Double Bollinger Band - Strategy

As a quick recap, the rules of the strategy coded in optimal_2BB are as follows:

  1. A long (buy) signal is generated whenever the higher timeframe (Low) price goes below its lower Bollinger band, and the lower timeframe RSI goes below its lower Bollinger band (RSI).

  2. A short (sell) signal is generated whenever the higher timeframe (High) price breaks its upper Bollinger band, and the lower timeframe RSI breaks above its upper Bollinger band (RSI).

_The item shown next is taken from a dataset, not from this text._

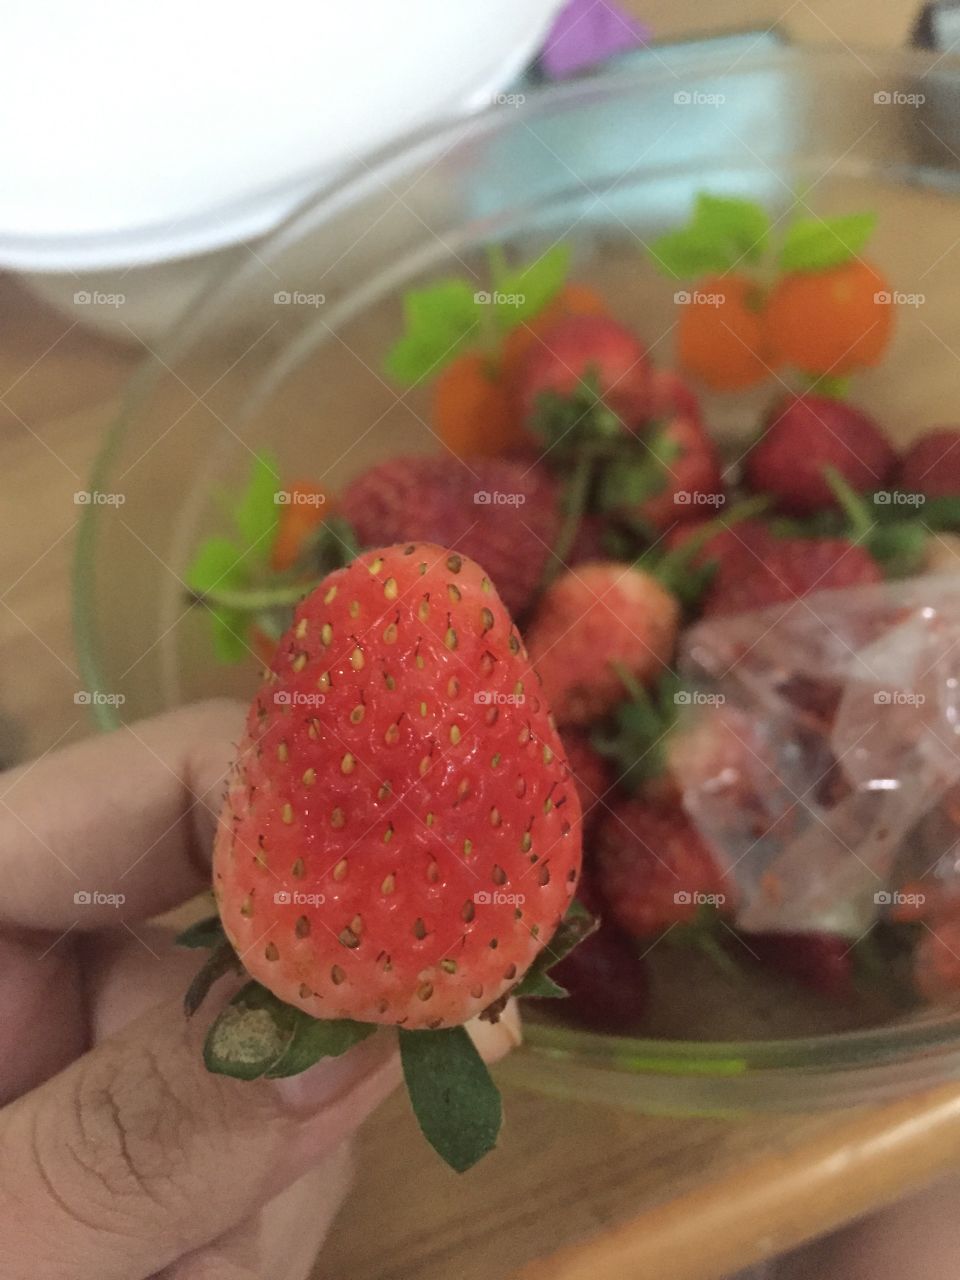 Strawberries
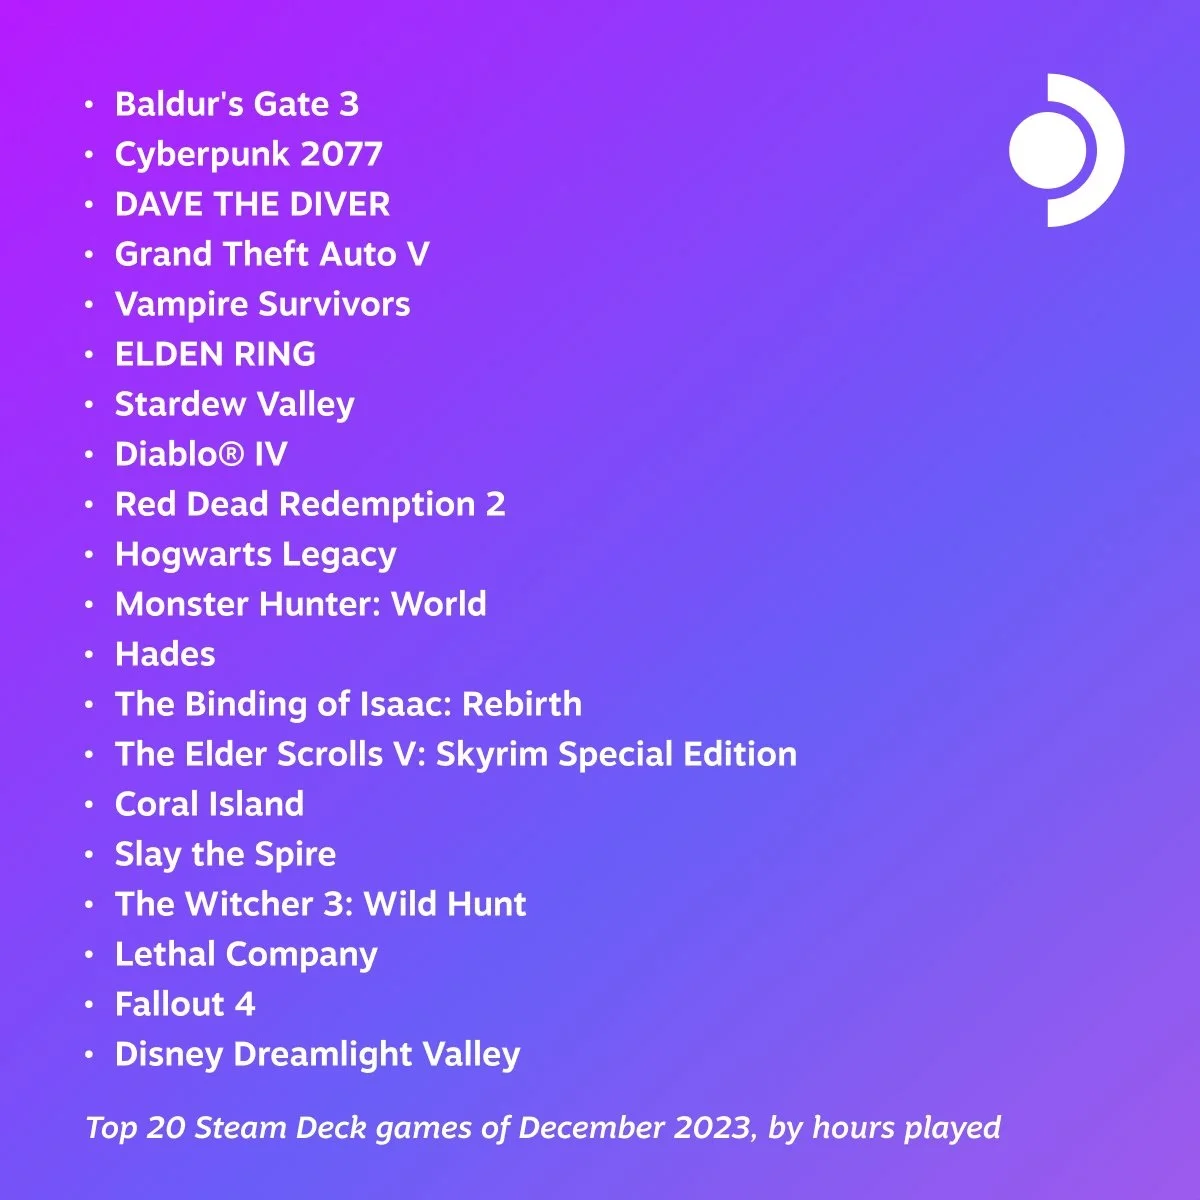 Baldurs Gate 3 и Cyberpunk 2077 вновь возглавили свежий топ игр на Steam Deck - фото 1

We can invoke the parameter optimization process by passing the list of parameters we want for each argument wrapped in the vbt.Param class.
The vbt.Param class also accepts conditions, like in our case we don't want the lower_tf to have a value greater than the higher_tf so we specify that using the condition argument inside the vbt.Param class. In this particular case we are just specifying one metric (total_return) to tune our parameter optimization.

pf_results = optimal_2BB(
    lower_tf = vbt.Param([1, 5, 15, 30, 60, 120, 240, 720], condition = "x <= higher_tf"),
    higher_tf = vbt.Param([1, 5, 15, 30, 60, 120, 240, 720, 1440]),
    ltf_rsi_timeperiod = vbt.Param(create_list_numbers(18, 22, 1)),
    bb_price_timeperiod = vbt.Param(create_list_numbers(18, 22, 1)),
    bb_rsi_timeperiod = vbt.Param(create_list_numbers(18, 22, 1)),
    bb_price_nbdevup = vbt.Param(create_list_numbers(1.5, 2.5, step = 0.25)),
    bb_price_nbdevdn = vbt.Param(create_list_numbers(1.5, 2.5, step = 0.25)),
    bb_rsi_nbdevup = vbt.Param(create_list_numbers(1.5, 2.5, step = 0.25)),
    bb_rsi_nbdevdn = vbt.Param(create_list_numbers(1.5, 2.5, step = 0.25)),
    output_metric = "total_return"
 )

print(f"Best Total Returns: {round(pf_results.max(), 2)} %")
print(f"Parameter Combinations with Best Total Returns:{pf_results.idxmax()}")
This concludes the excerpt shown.